M4RI is a library for fast arithmetic with dense matrices over $\mathbb{F}_2$. It was started by Gregory Bard, is maintained by Martin Albrecht. Several people contributed to it (see below). The name M4RI comes from the first implemented algorithm: The “Method of the Four Russians” inversion algorithm published by Gregory Bard. This algorithm in turn is named after the “Method of the Four Russians” multiplication algorithm which is probably better referred to as Kronrod's method. M4RI is used by the Sage mathematics software and the PolyBoRi library. M4RI is available under the General Public License Version 2 or later (GPLv2+).
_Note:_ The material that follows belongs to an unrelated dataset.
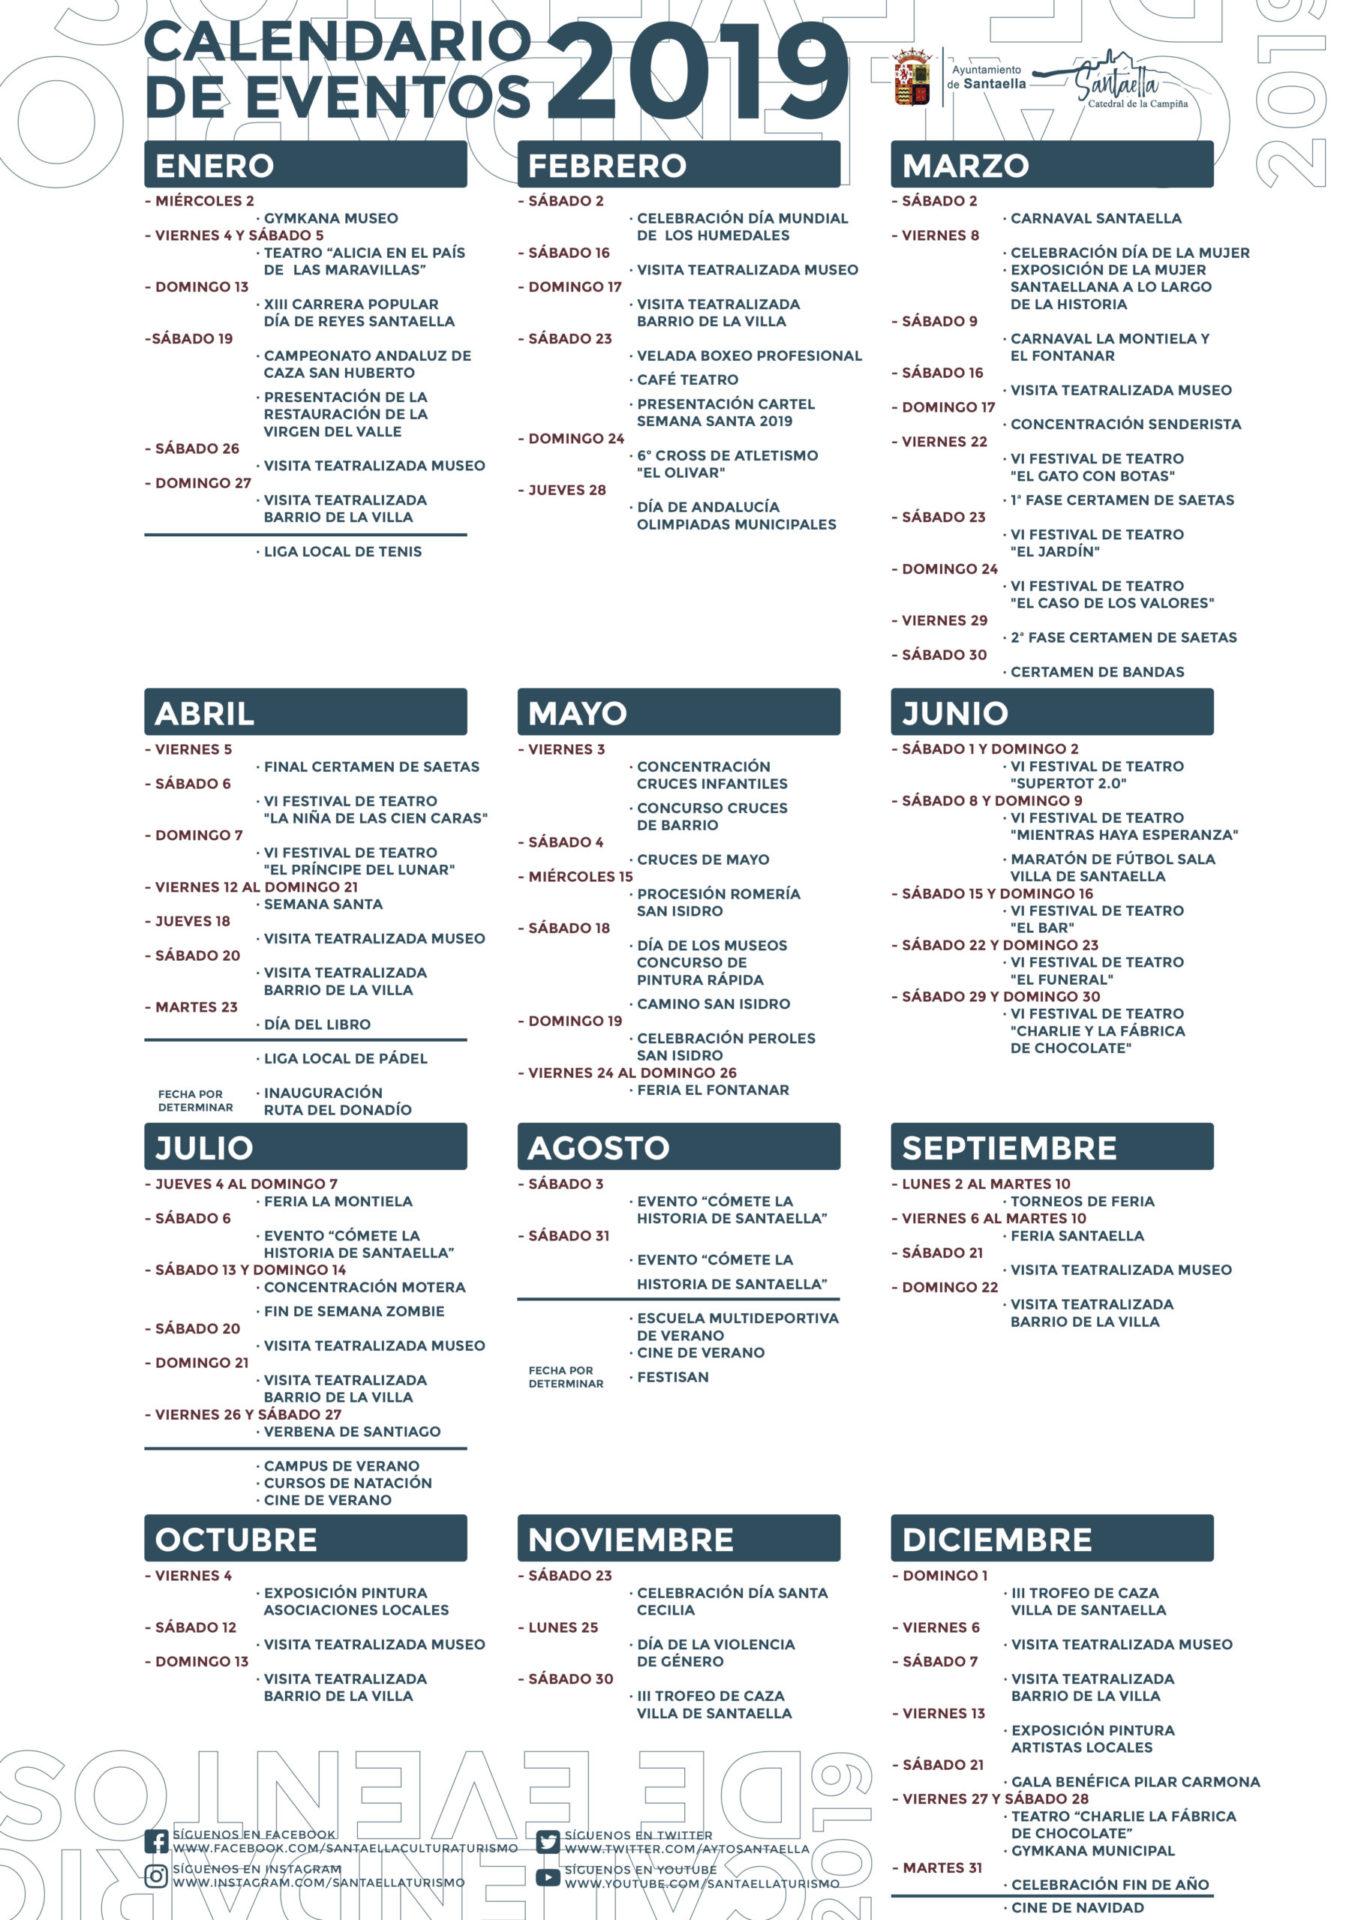 Calendario de eventos de 2019

M4RIE is a library for fast arithmetic with dense matrices over $\mathbb{F}_{2^e}$ for $2 \leq e \leq 10$. It was started and is currently maintained by Martin Albrecht. The name stems from the fact that is relies heavily on M4RI. M4RI is will be included in the Sage mathematics software in the near future. M4RIE is available under the General Public License Version 2 or later (GPLv2+).

# Features

Features of the M4RI library include:

• basic arithmetic with dense matrices over $\mathbb{F}_2$ (addition, equality testing, stacking, augmenting, sub-matrices, randomisation, etc.),
• asymptotically fast $\mathcal{O}(n^{\log_27})$ matrix multiplication via the “Method of the Four Russians” (M4RM) & the Strassen-Winograd algorithm,
• fast row echelon form computation and matrix inversion via the “Method of the Four Russians” (M4RI, average case $\mathcal{O}(n^3/\log n)$),
• asymptotically fast $\mathcal{O}(n^{\log_27})$ PLE factorisation by reduction to matrix multiplication and a fast base-case implementation;
• asymptotically fast TRiangular System solving with Matrices (upper left, lower left, upper right, lower right),
• support for the x86/x86_64 SSE2 instruction set where available,
• preliminary support for parallisation on shared memory systems via OpenMP and
• support for Linux and OS X, Solaris 10 (all GCC).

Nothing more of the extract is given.